There’s a ton of interest in immutable, image-based versions of various Linux distributions, since they offer a number of benefits that make them a good fit for some users. Updates can’t really go wrong, rollback is easy, application management through Flatpak is more in line with systems like Android and iOS – they may not be advantages sought by everyone, but they clearly are by some. Still, there are also a number of annoying limitations, most notably around testing nightly releases of Flatpaks, testing system components, and installing command-line tools.
The team behind GNOME OS is addressing these issues. The first thing they’re working on in something they’ve preliminarily call Test Center, which makes it much easier to install nightly releases of Flatpaks alongside their regular versions. This is something you can already do today, but the flow is cumbersome and not exactly user-friendly; with Test Center, developers will be able to share a direct link to install test releases.
They intend to use this same Test Center for testing system components:
Our idea here is to use the same “Test Center” app mentioned above for installing and managing experiments at the system level as well. Similar to Flatpak bundles generated in CI, we generate system extension images (sysext) for every merge request. You can install experiments from a sharing link, and they will apply as a sysext over your existing system. Because those images are non-destructive overlays, you can always go back to the original system.
↫ Jordan, Jonas, and Tobias
The last and final issue is that of command-line tools, something Flatpak is simply not designed for. On this front, the GNOME OS team states they are working on a solution as well, but they’re not quite ready to go into much more detail at this point.
Regardless, these are very welcome improvements.

Honestly, Flatpak is pretty close if they weren’t actively refusing to support the use-case.
With the script I wrote to produce/update launchers with proper, tab-completion-friendly names that wrap the –file-forwarding option, the main thing that I notice is the lack of MPV’s manpage.
https://gist.github.com/ssokolow/db565fd8a82d6002baada946adb81f68
Yep, this is the one, albeit pretty huge, oversight of Flatpak in comparison to Snap, which was designed with CLI in mind from day one.
Also what irritates me are the multiple gigabytes’ worth of multiple versions of shared framework libraries that constantly ask to be updated. I don’t really get why new versions of Flatpaks apparently insist on changing minor versions of their dependencies all the time, apparently remaining on old versions, just slightly newer updates of said old versions. Thus my system is littered with 5 copies each of giant meta packages like the Freedesktop Platform and Freedesktop SDK each version half a gigabyte in itself. I know this is a “feature” of Flatpak but in practice it’s just so much more unnecessary-seeming churn.
Moochman,
This is the conundrum. The repos solve this by having centralized maintainers doing the work to consolidate software libraries. Flatpaks cannot automatically determine compatibility though. At best they’d have fallible heuristics. Expecting publishers to coordinate on their own just isn’t realistic because different software developers have radically different schedules for upgrading library versions. Some stick to bleeding edge libraries while others stick with stable libraries forever. Repos need maintainers to do the hard job of strictly enforcing library versions, but none of this happens with flatpak. We might consider fixing it by hiring staff to essentially replicate what the repos do except with flatpak. However part of the goal with flatpak was to avoid this work. I don’t see any easy fix.

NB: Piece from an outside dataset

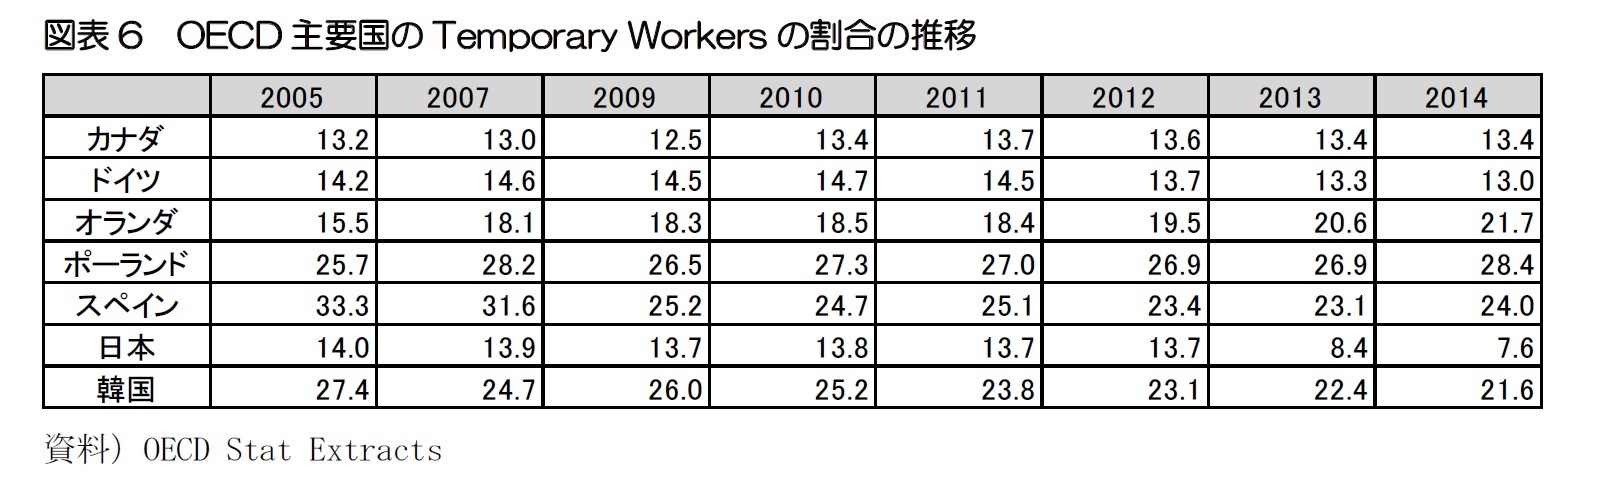 図表6　OECD主要国のTemporary Workersの割合の推移

Hypothetically AI agents could test and patch thousands of flatpak packages so they can share the same libraries, but even if it worked it still wouldn’t make everyone happy.
I was just looking into immutable Linux variants. If anyone wants to experiment in this area, Fedora Atomic Desktops offers five options with different desktop environments: https://fedoraproject.org/atomic-desktops/
You might also consider Bazzite (https://bazzite.gg/), a gaming-focused immutable distribution built on Fedora Atomic.
I’ve been on Bazzite for a while now, and the immutable nature of it has solved MANY long standing problems I’ve had with Linux in general, including update corruption, config mismatch on update, etc. It’s a little harder to mess about with some developer-ish stuff, when you need to actually install some system level things, but for the most part, this is just a better way to organize the system, in my strong opinion.